Folha de S. Paulo


De olhos postos na Grécia

As eleições que ocorrem amanhã na região que inventou a democracia antiga tem o potencial de representar a maior novidade política desde a crise econômica mundial de 2008. A nova esquerda está 5 pontos percentuais acima, nas intenções de voto, do partido governista, segundo a Folha de ontem. A experiência pode iluminar caminhos para outras nações ameaçadas pela onda neoneoliberal que percorre o planeta.

Se ocorrer, a vitória da Coligação de Esquerda Radical (Syriza) sobre a Nova Democracia será fruto direto da débâcle que atingiu o Partido Socialista (Pasok). Ao aceitar a orientação austeritária imposta pelo FMI, pelo Banco Central Europeu e pela Comissão Europeia, como, aliás, o fizeram os congêneres social-democratas em todo o sul da Europa, o Pasok viu o seu patamar de votos cair de 43% em 2009 para incríveis 5% agora, abrindo espaço para uma oposição anticapitalista renovada.

Não é para menos. A orientação contracionista provocou uma recessão brutal, elevou o desemprego para a casa dos 25% e trouxe perdas de renda da ordem de 30% para trabalhadores e aposentados. O gabinete de direita que tomou o lugar dos socialistas em 2012 manteve a conduta anterior e, por isso, agora deverá ceder o poder a um agrupamento originário do outro lado do espectro.

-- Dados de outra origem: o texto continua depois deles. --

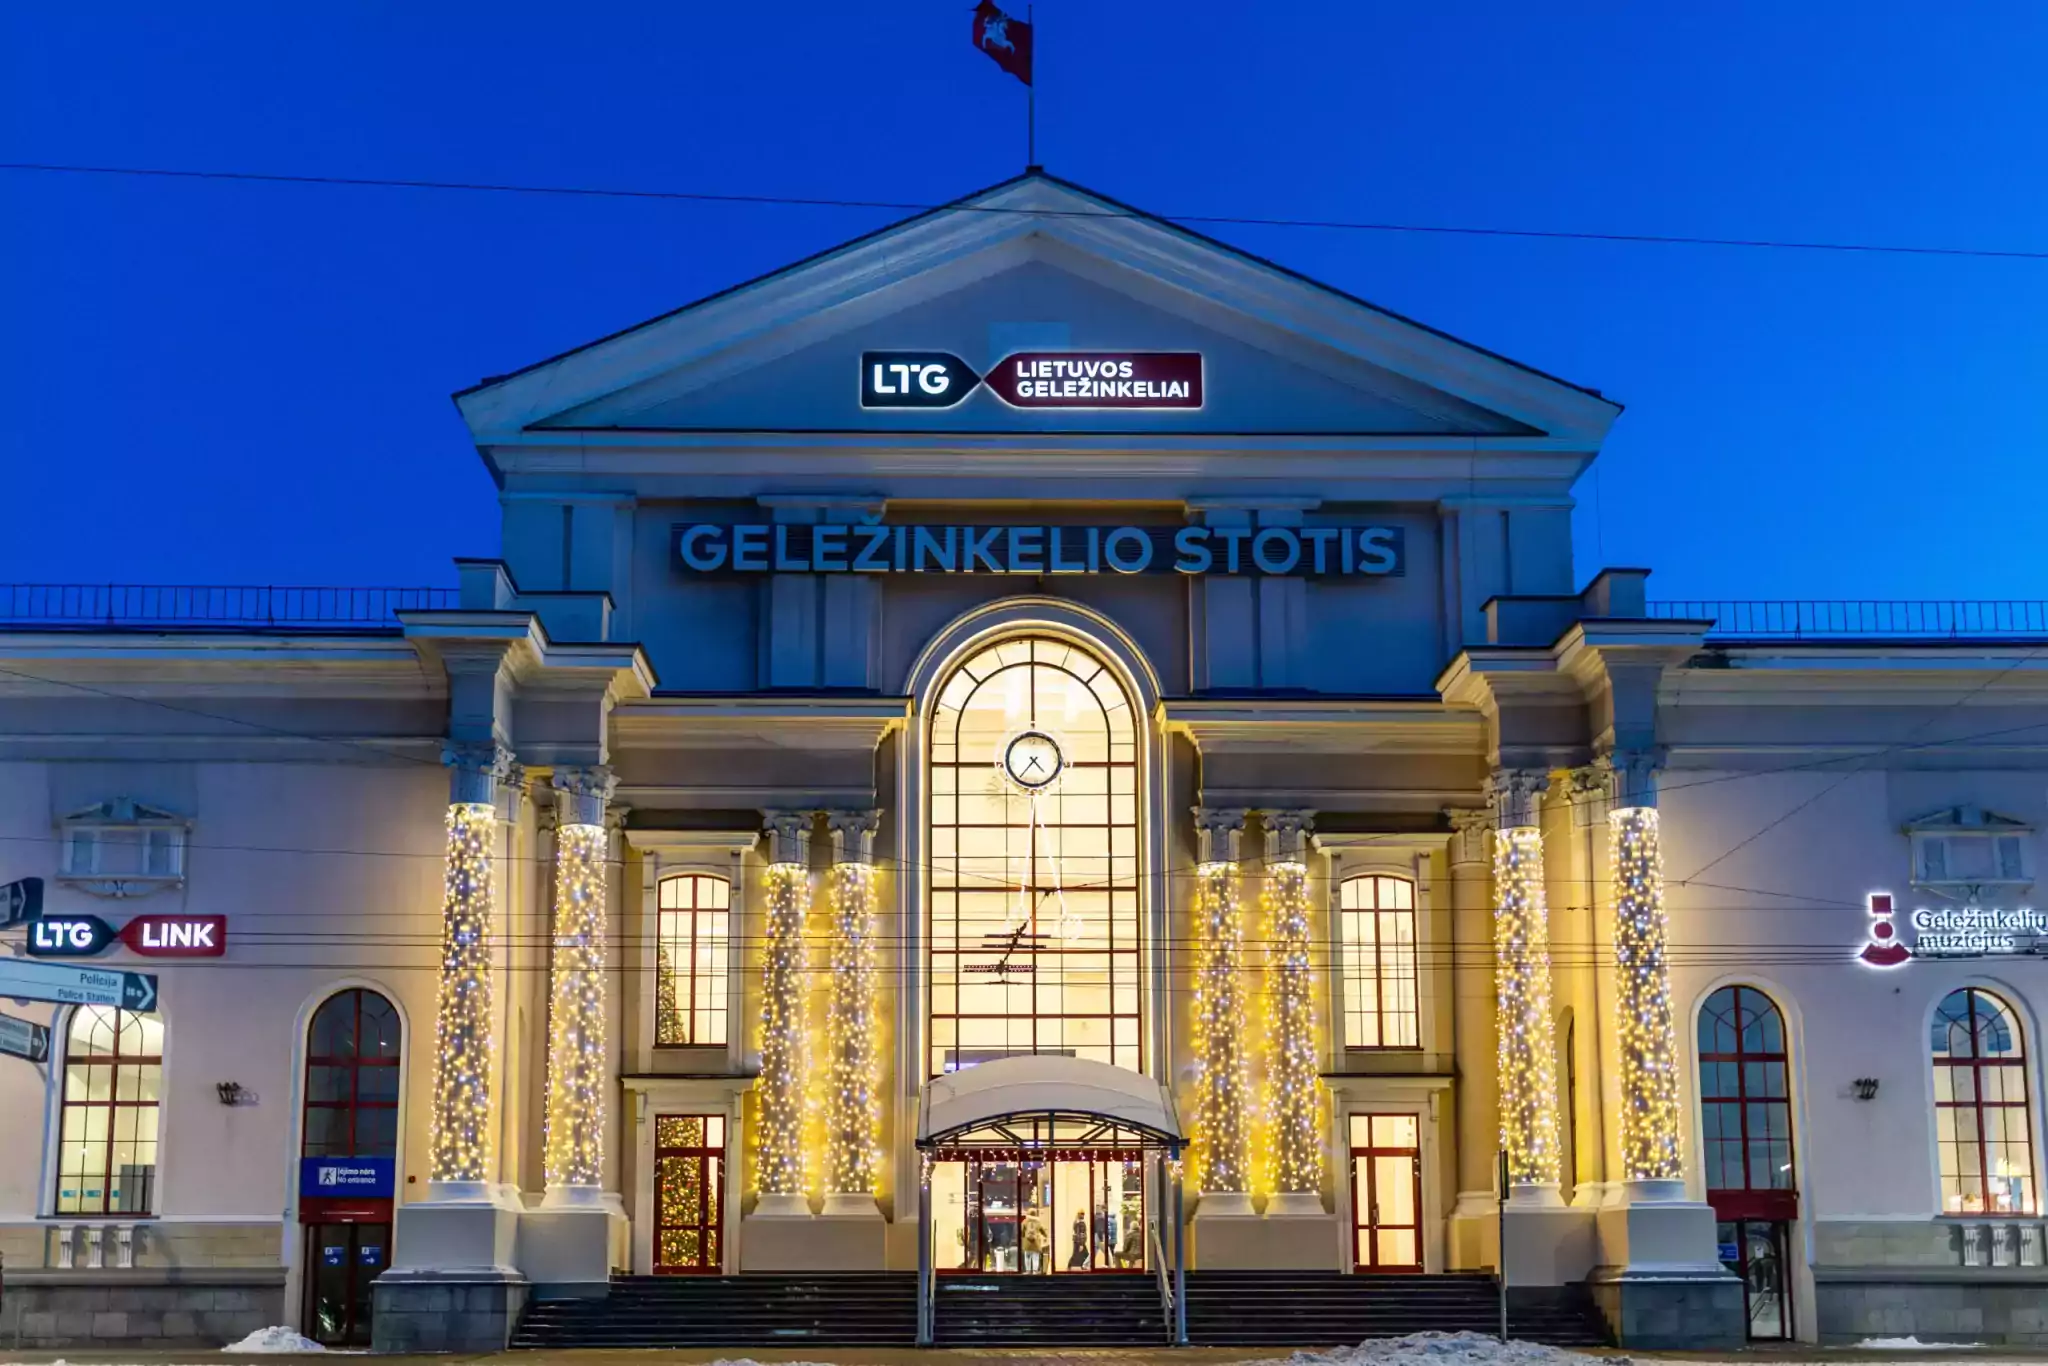 The Vilnius railway station

Com algo como 35% dos votos, a Syriza –ela própria uma federação de grupos– será obrigada a fazer alianças ao centro para compor o governo. É isso que deve explicar o tom moderado do artigo que Alexis Tsipras, provável primeiro-ministro, publicou terça passada no "Financial Times", uma das bíblias dos investidores. "Temos obrigação de negociar aberta, honestamente com os nossos parceiros europeus. Não tem sentido cada lado brandir as armas", escreveu Tsipras, numa visível tentativa de baixar a fervura.

Na mesma direção, Tsipras fez questão de diminuir o temor de que Atenas deixe o euro, ameaçando o projeto de integração nascido dos trágicos escombros da Segunda Guerra Mundial. "Um governo da Syriza vai respeitar as obrigações da Grécia enquanto membro da zona do Euro", escreveu o líder dos radicais, "no entanto, é aspecto fundamental da democracia que o novo governo eleito decida por si mesmo como deve atingir tais objetivos".

Isto é, a força ascendente não abre mão de suspender o programa de austeridade que produziu a catástrofe humanitária dos últimos anos na Grécia. Para equacionar o problema da dívida, que não é possível simplesmente repudiar, Tsipras fala em onerar a oligarquia econômica que evade impostos.

Os desafios serão enormes. Seja como for, tudo indica que parcela do futuro da democracia e da justiça social começará a se jogar na Grécia a partir de segunda-feira.